The Summer of 2022

The Summer of 2022. That’s the last thing I remember of the before days. Before seasons stopped to be distinctive periods, before winter disappeared forever, before the start of The Great Burning. 

I remember it so well, this time. I remember small things about it, like how it was the first year the rosy starlings didn’t visit the city and I remember the big things, like how countries around the world were collapsing in real time. These days I spend most of my time in the bunker, remembering. My sister tells me there’s no point living in the past, it will only cause you heart break. But she misunderstands. I’m not living in the past because I’m nostalgic, or because I want to remember the days when the city would be overtaken by beautiful pink bougainvilleas, and trees would light up with the fertility of spring. That’s not what I am doing.

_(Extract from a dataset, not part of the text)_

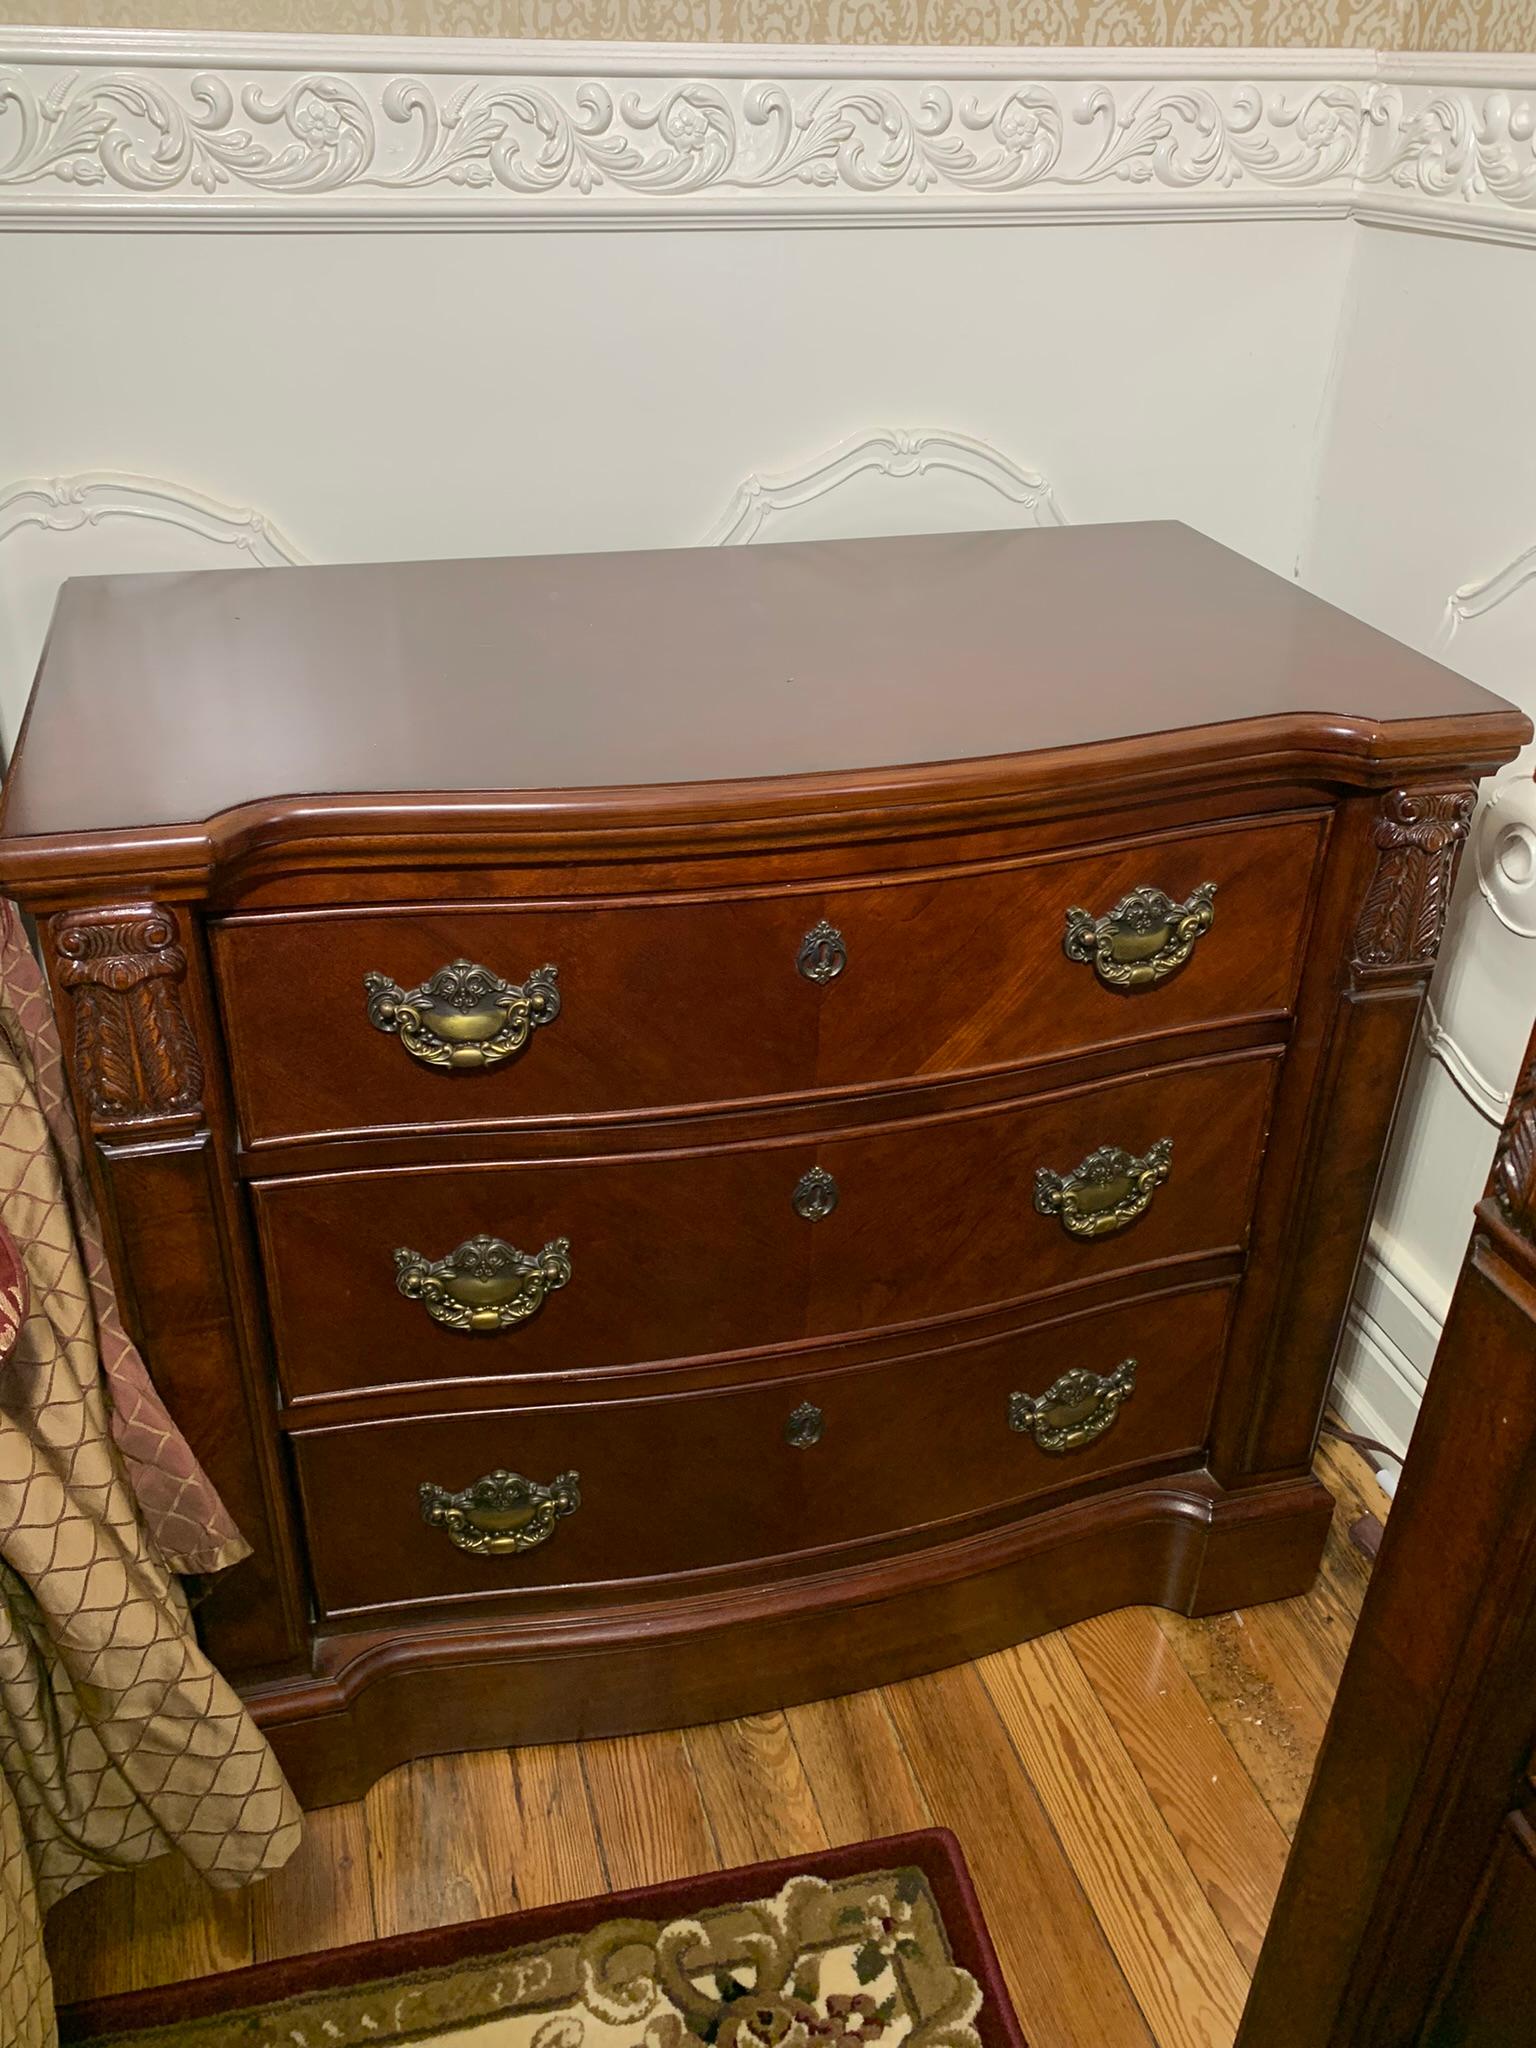 Broyhill Night Stands

I live in the past because I’m looking for signs, looking for clues that would have told us of what was to come. Looking for evidence that should have warned us, that could have allowed us to fight this future. I look up the skylight and see the now permanent orange-grey sky. 

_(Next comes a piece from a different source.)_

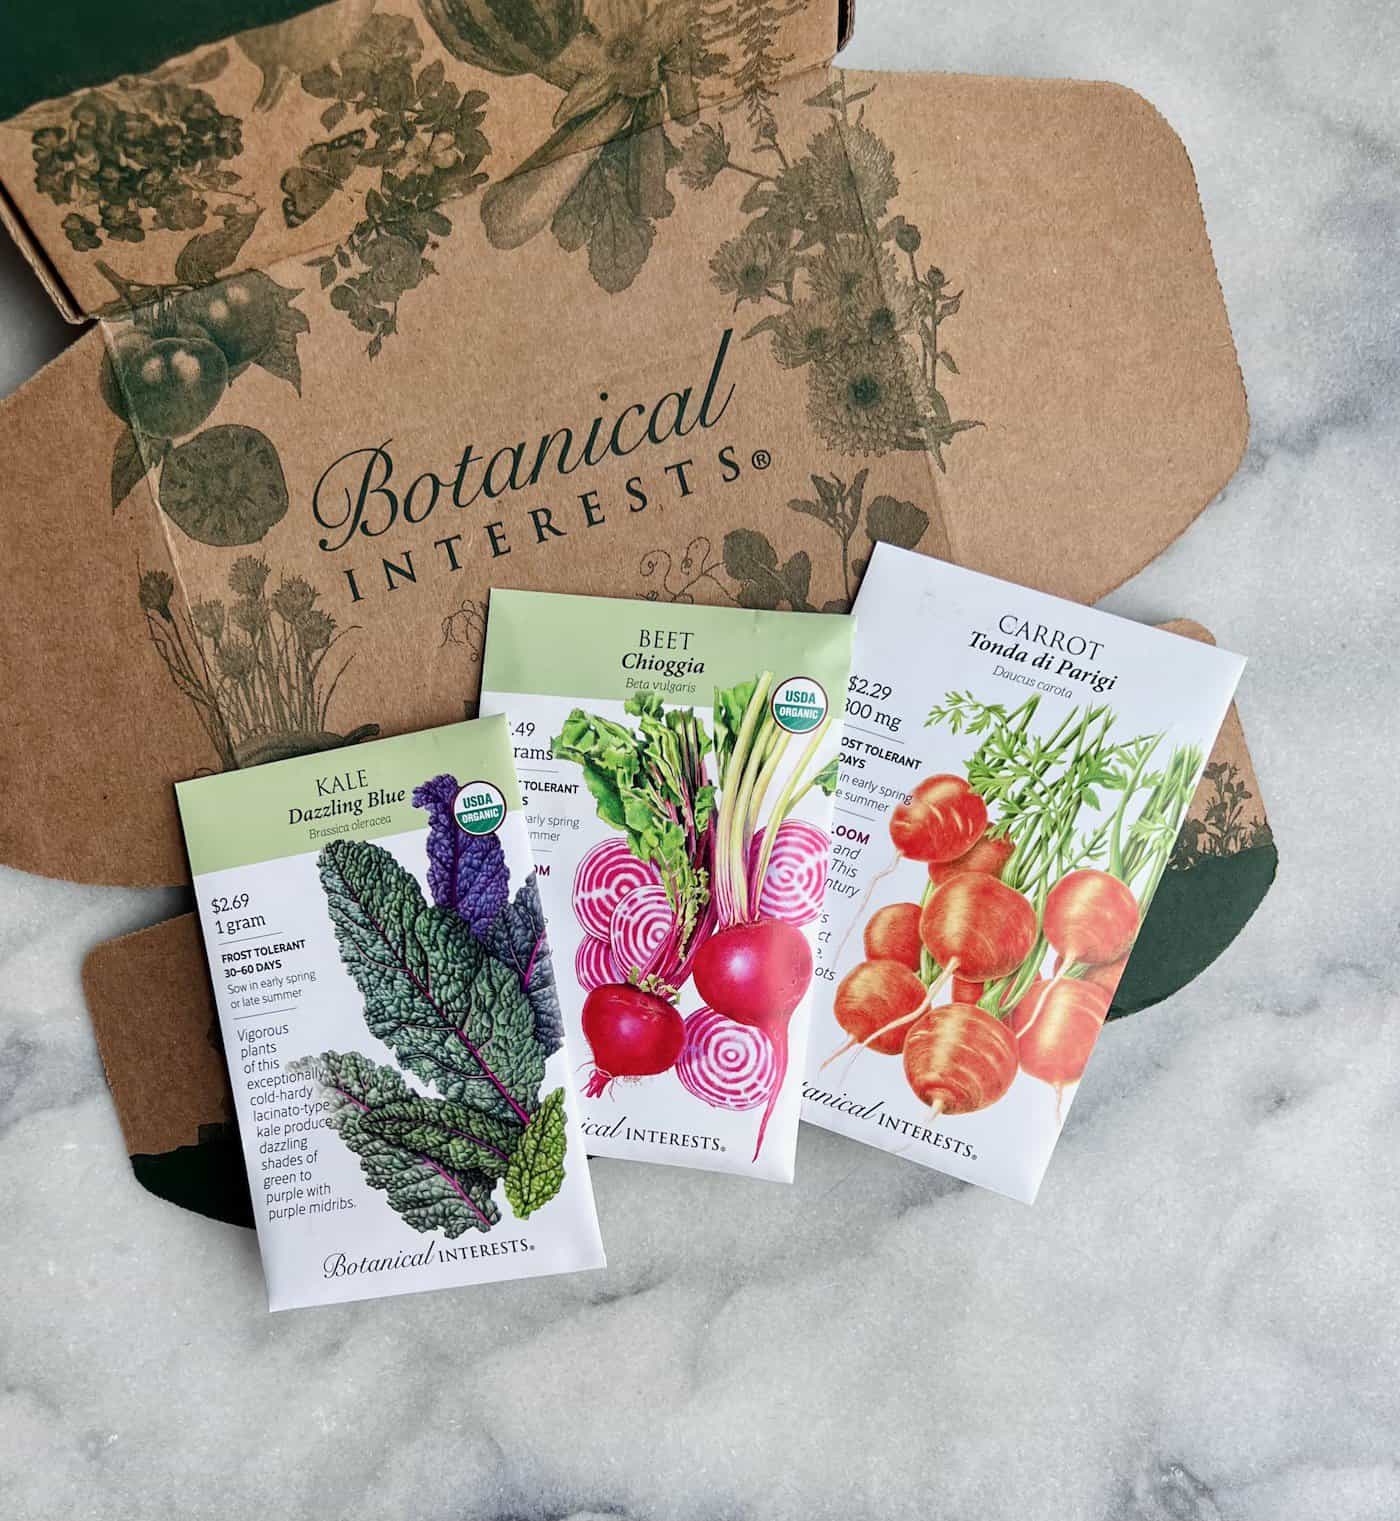 Ordering seeds online - mail delivery of box of seeds

In the Summer of 2022, we were coming out of a two-year long pandemic. Everyone around me was determined to re-create the roaring 20’s. I cannot count the number of Gatsby themed parties I went for, but I do remember never stopping to recall what they had meant to Gatsby. I went to each one, with a new shimmering outfit and a new feathered headdress. Those days everyone I met was somehow involved in the online world— marketing, modelling, advertising, influencing, all fancy words for selling things people didn’t need. But boy did they look good doing it. And that’s what mattered. Aesthetics was everything. Not how much blood, sweat, tears it took behind the camera, only how good you looked in front of it. I remember watching these videos for hours, where they’d take tattered old decrepit houses and – within seconds – aestheticize it with beautiful pastel colors and clean marble tops and dim lighting. It was called a glow up and we did it to everything, to ourselves, our clothes, our food, until it became difficult to differentiate reality from the perfectly curated imagery of the internet. Before the sky became the vicious orange-gray it is today, it had taken on a lovely pinkish hue. I remember reading that it was a sign of an increasingly warming earth and still taking a photo, filtering it to cull out the smokiness, and posting it online. Aesthics was everything. 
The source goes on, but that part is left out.